IAM: The Service Account Needs run.services.update

The scheduler’s service account needs permission to update Cloud Run services. I granted the roles/run.admin role, though a custom role with just run.services.update and run.services.get would be more precise:

# Grant the scheduler SA permission to update Cloud Run services
gcloud projects add-iam-policy-binding "${PROJECT_ID}" \
  --member="serviceAccount:${SA_EMAIL}" \
  --role="roles/run.admin"

Testing

To test without waiting for the cron schedule:

# Manually trigger the wake job
gcloud scheduler jobs run "${SERVICE_NAME}-wake" \
  --project="${PROJECT_ID}" \
  --location="europe-west3"

# Verify it worked
gcloud run services describe "${SERVICE_NAME}" \
  --project="${PROJECT_ID}" \
  --region="${REGION}" \
  --format="value(spec.template.spec.scaling.minInstanceCount)"
# Output: 1

# Trigger sleep
gcloud scheduler jobs run "${SERVICE_NAME}-sleep" \
  --project="${PROJECT_ID}" \
  --location="europe-west3"

# Verify
gcloud run services describe "${SERVICE_NAME}" \
  --project="${PROJECT_ID}" \
  --region="${REGION}" \
  --format="value(spec.template.spec.scaling.minInstanceCount)"
# Output: 0

Cost Analysis

With the scheduled approach, we only pay for an idle container during business hours:

# Scheduled min-instances: weekdays 7am-6pm (11 hours, 5 days/week)
# Weekly idle hours: 11 * 5 = 55 hours
# Monthly idle hours: 55 * 4.33 = ~238 hours
# vs 24/7: 720 hours/month
#
# Savings: (720 - 238) / 720 = 67% reduction in idle costs
#
# For 1 vCPU, 512MB:
# - 24/7:      ~$6.80/month
# - Scheduled: ~$2.25/month
# - Savings:   ~$4.55/month per service
#
# Cloud Scheduler cost: $0.10/month per job * 2 jobs = $0.20/month
# Net savings: ~$4.35/month per service

The savings per service are modest, but we applied this pattern to three Cloud Run services that receive webhooks.

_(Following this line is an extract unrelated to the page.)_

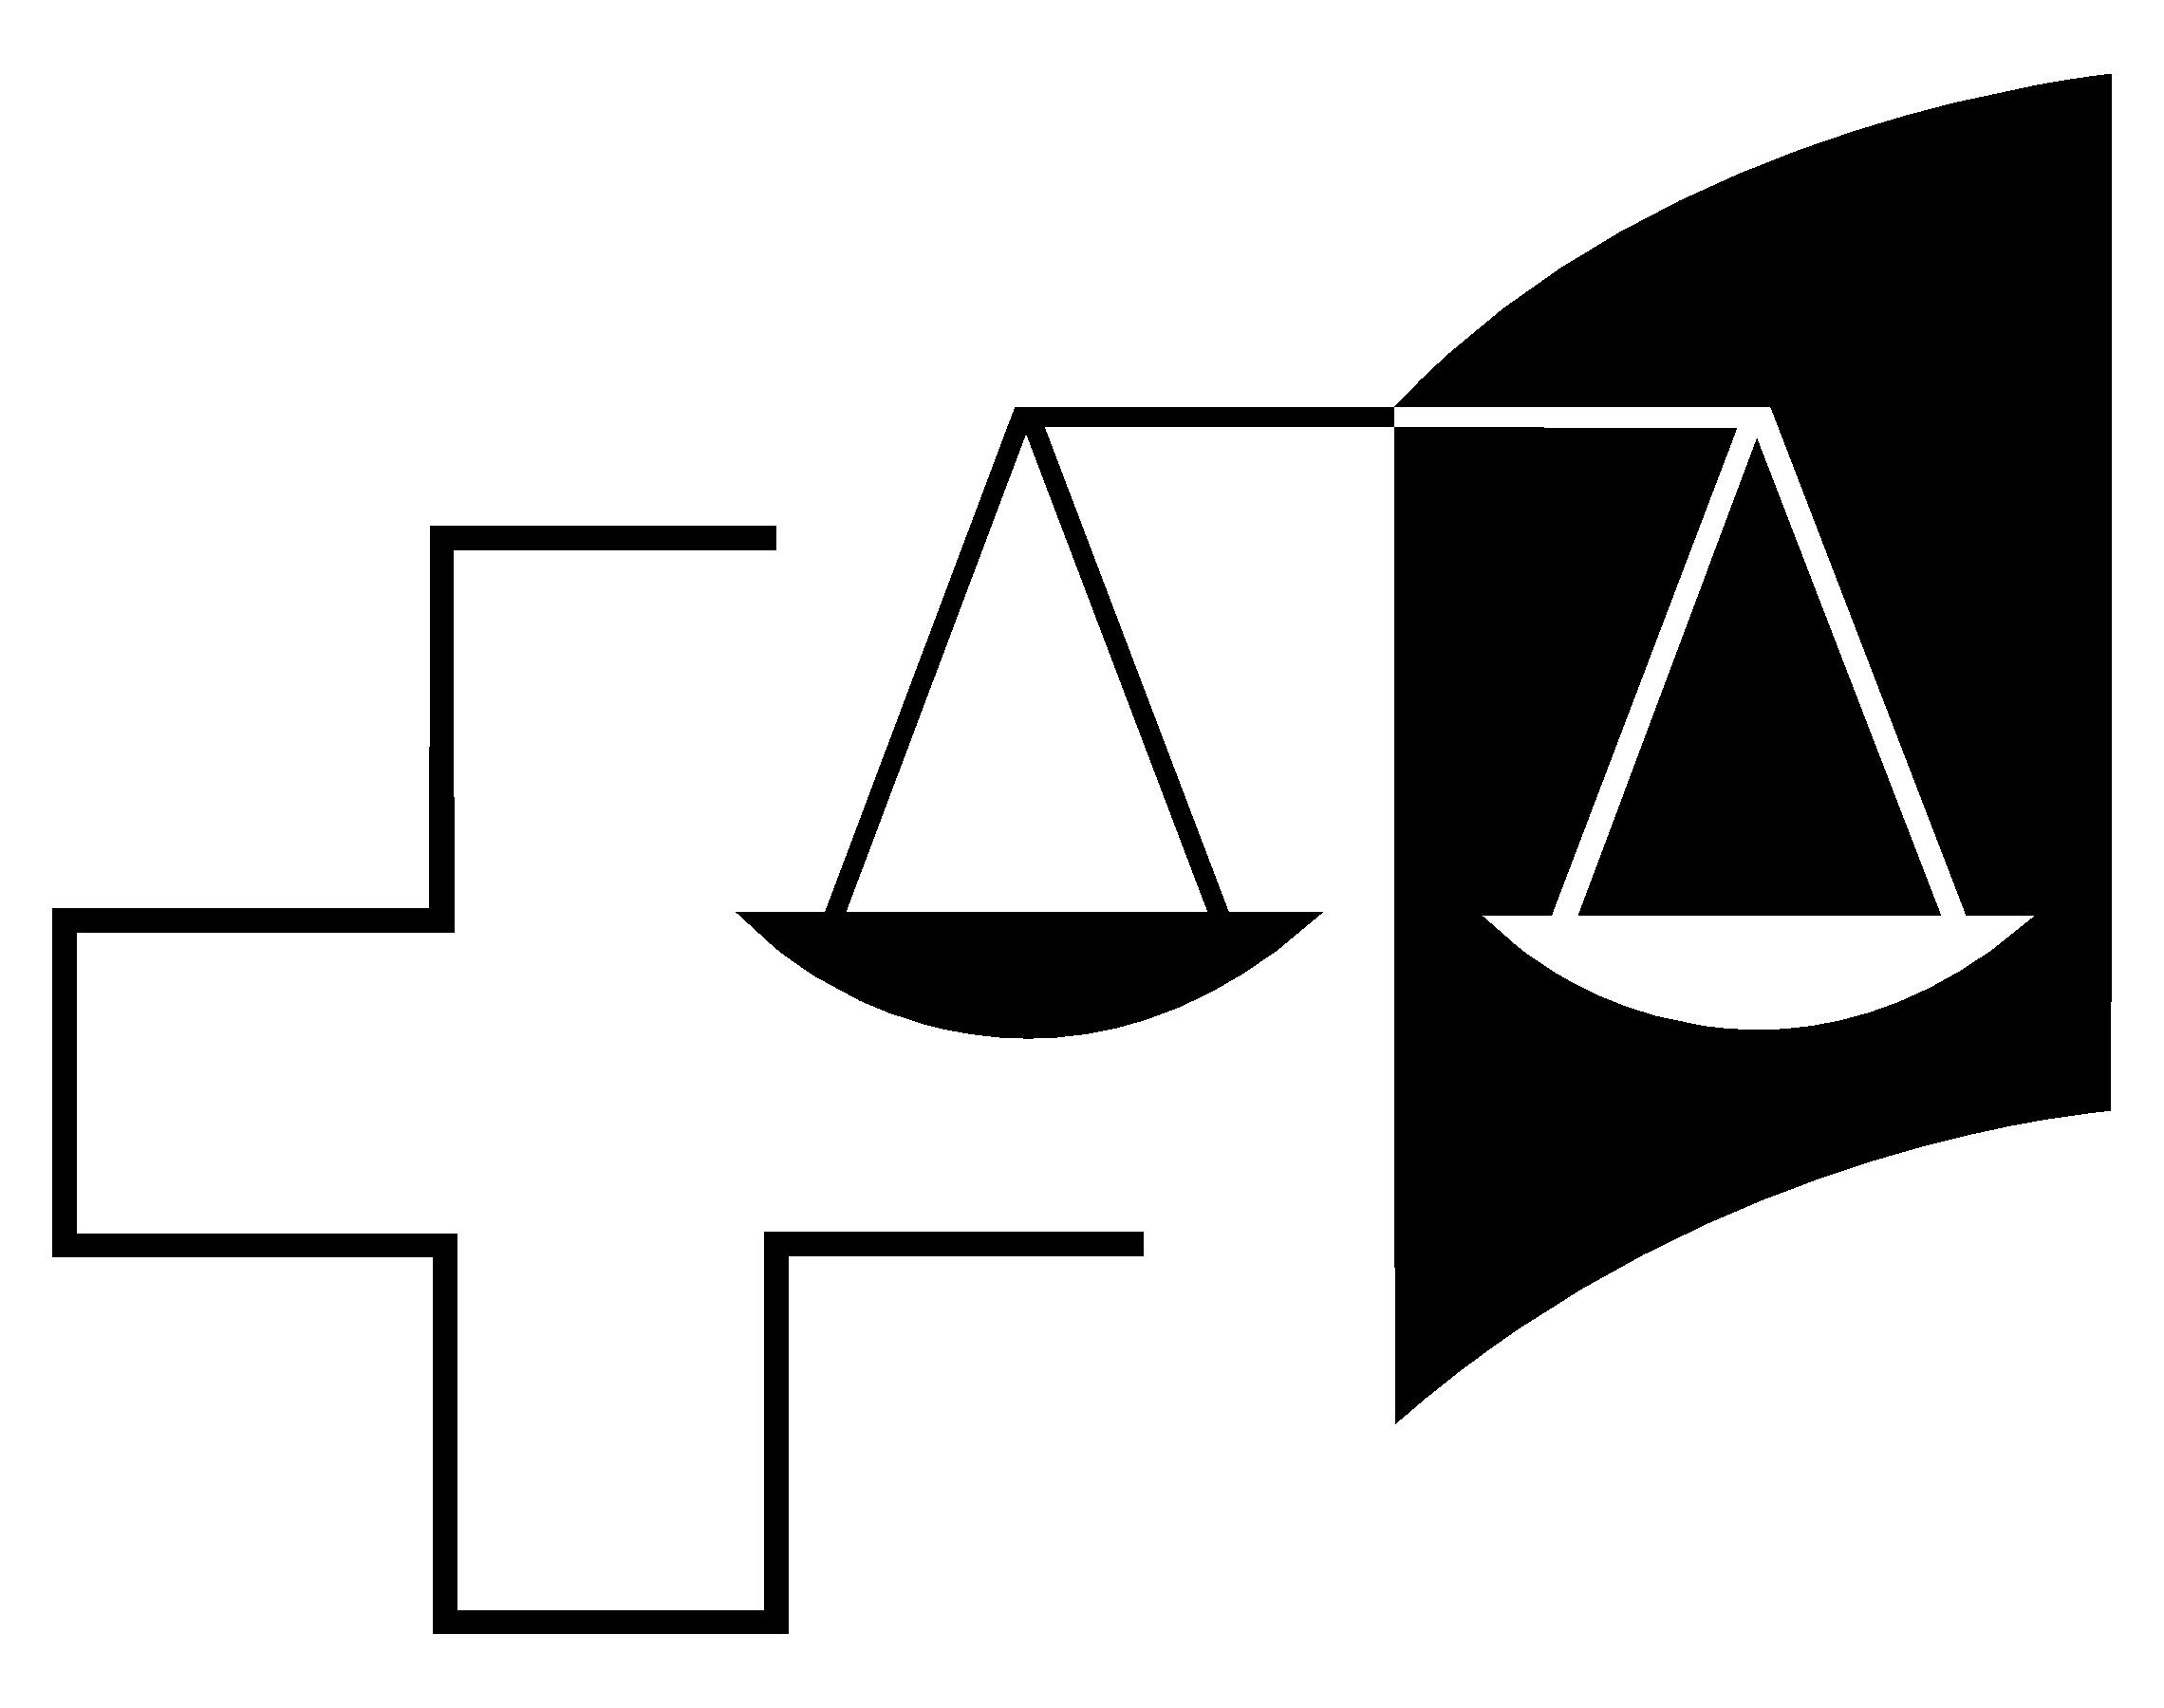 5A_910/2019 01.03.2021 - Tribunal fédéral

And more importantly, the cost scales linearly if we add more services or need larger containers.

Edge Cases and Gotchas

What about webhooks outside business hours?

For this particular CRM, webhook events outside business hours are extremely rare (the CRM is used by office workers in a single timezone). For services that receive webhooks 24/7, we keep min-instances=1 permanently and skip the scheduler pattern.

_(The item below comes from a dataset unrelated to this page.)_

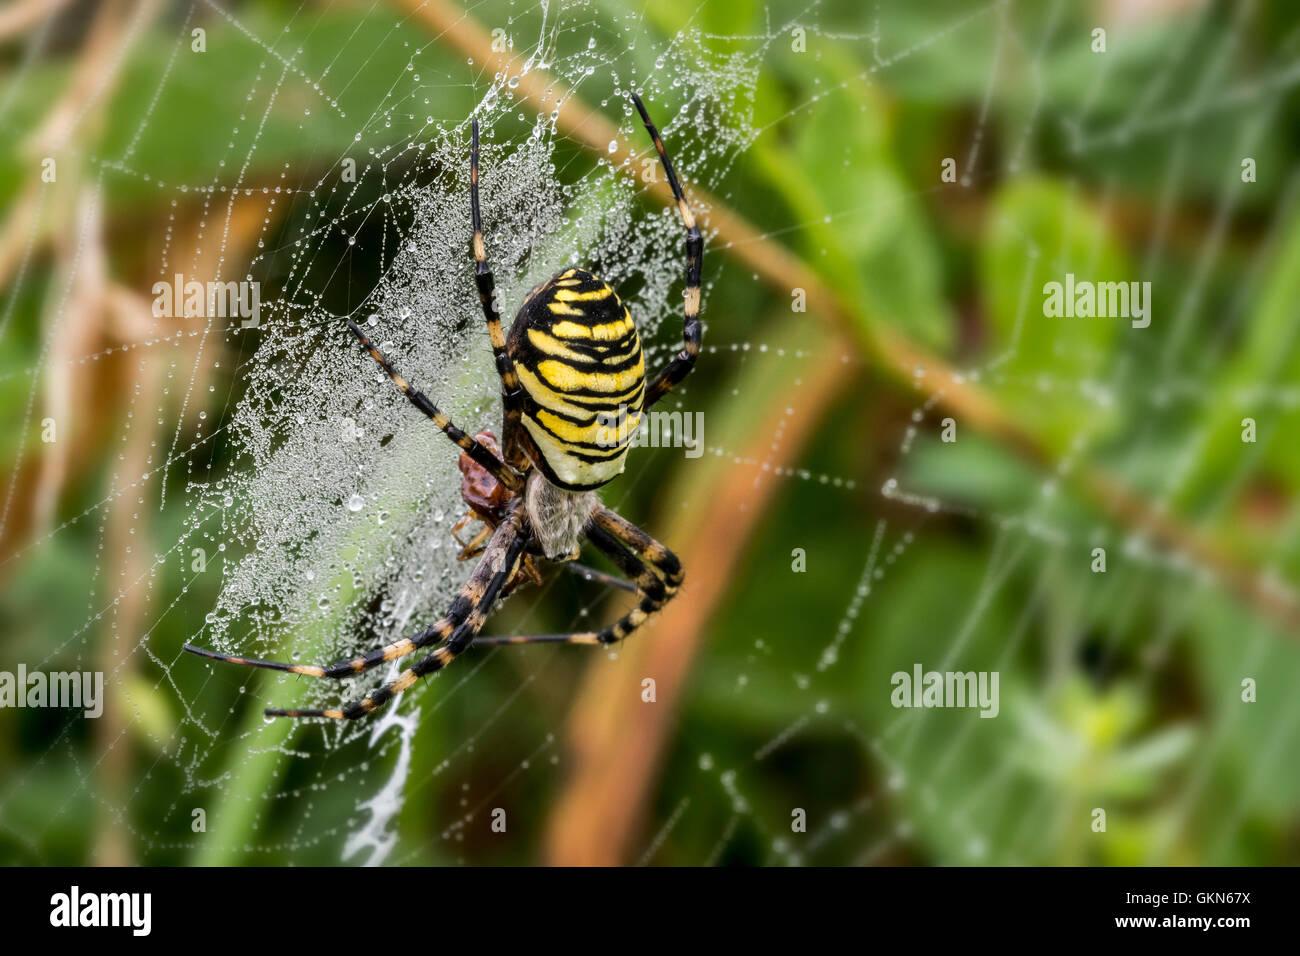 Wasp spider (Argiope bruennichi / Aranea brünnichii) feeding on caught insect in spiral orb web - Stock Image

What if the scheduler job fails?

If the “wake” job fails, the service stays at min-instances=0 and we risk cold-start 504s. Cloud Scheduler has built-in retry logic (configurable), and I also set up a simple monitoring alert on the scheduler job’s error rate. In practice, over three months of operation, neither job has ever failed.

Deployments reset min-instances

This is the most important gotcha: when you deploy a new revision of a Cloud Run service with gcloud run deploy, the deployment sets min-instances based on your deploy command or service YAML — which is usually 0. This overwrites whatever the scheduler set.

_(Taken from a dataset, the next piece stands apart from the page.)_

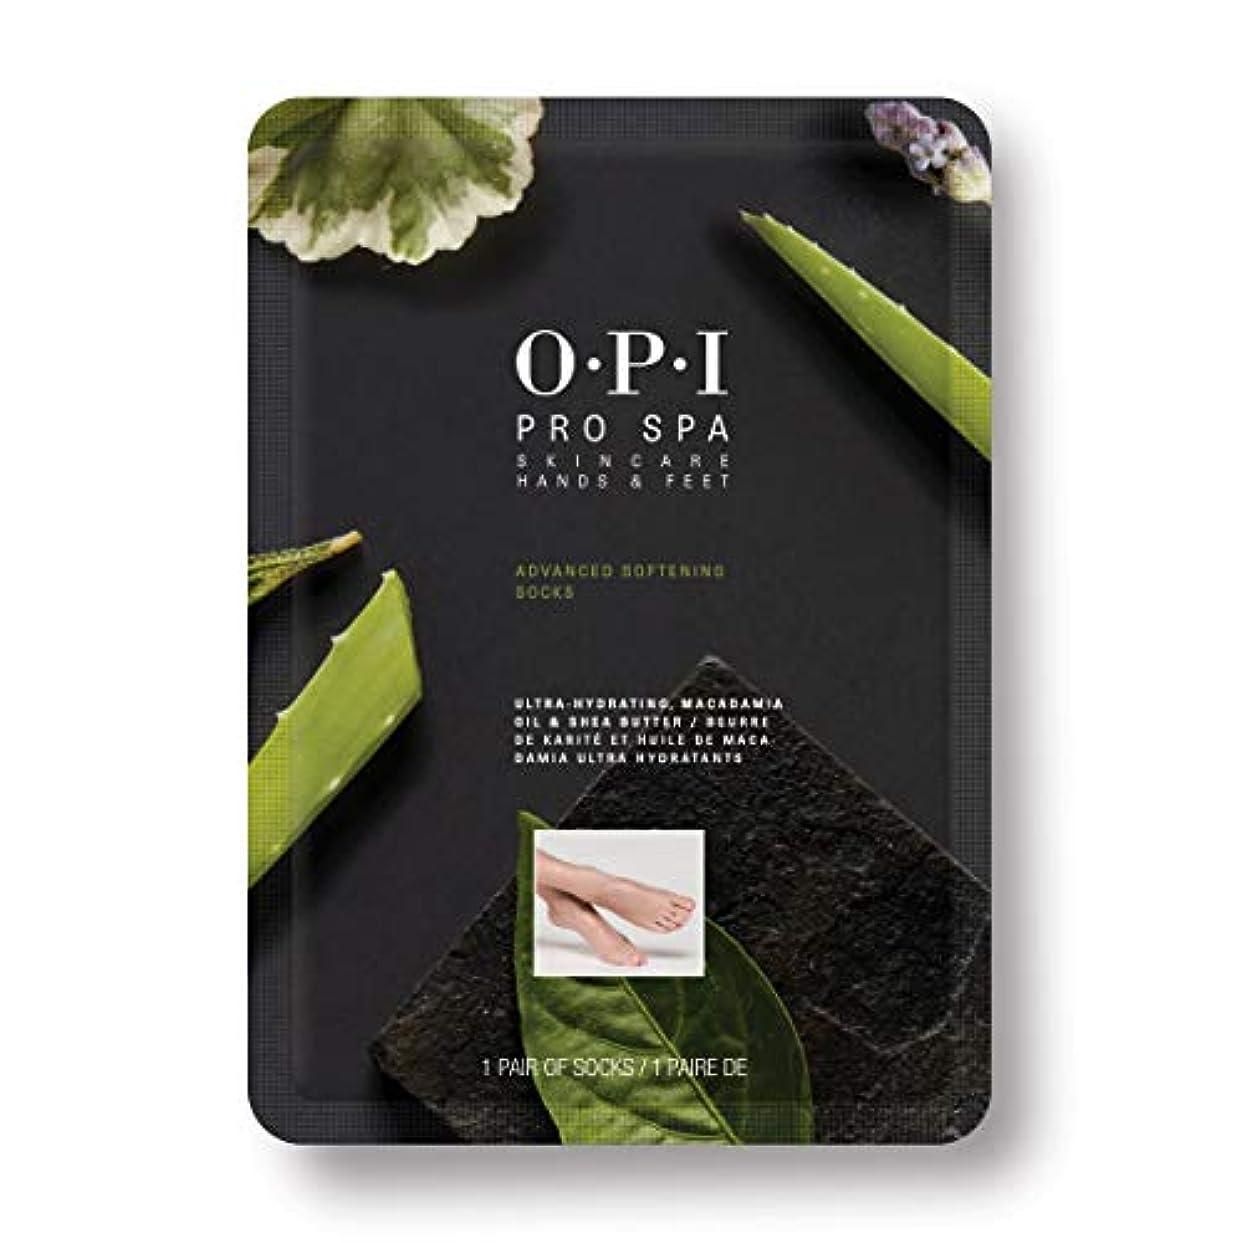 床を掃除するハンバーガー店主OPI(オーピーアイ) プロスパ アドバンス ソフニング ソックス 美容液 30ml/1パック2枚入

I added a post-deploy step to our deployment script that triggers the wake job if it is currently within business hours:

#!/bin/bash
# deploy.sh (excerpt)

# ... build and deploy ...
gcloud run deploy "${SERVICE_NAME}" \
  --image="${IMAGE}" \
  --region="${REGION}" \
  --project="${PROJECT_ID}"

# Re-apply min-instances if within business hours (Mon-Fri 7-18 CET)
HOUR=$(TZ="Europe/Amsterdam" date +%H)
DOW=$(date +%u)  # 1=Monday, 7=Sunday
if [ "$DOW" -le 5 ] && [ "$HOUR" -ge 7 ] && [ "$HOUR" -lt 18 ]; then
  echo "Within business hours — re-applying min-instances=1"
  gcloud scheduler jobs run "${SERVICE_NAME}-wake" \
    --project="${PROJECT_ID}" \
    --location="europe-west3"
fi

Results

Since deploying the scheduled min-instances pattern three months ago:

  • Zero webhook 504s during business hours — the warm container responds in ~200ms
  • Zero lost webhook events — down from ~25 per incident
  • 67% reduction in idle Cloud Run costs compared to 24/7 min-instances
  • Weekly reconciliation diffs dropped to zero — confirming no events are being missed

The X-HTTP-Method-Override trick for Cloud Scheduler is not well documented, and I spent a frustrating hour trying to figure out why my PATCH requests were being rejected before finding it. Hopefully this saves someone else that hour.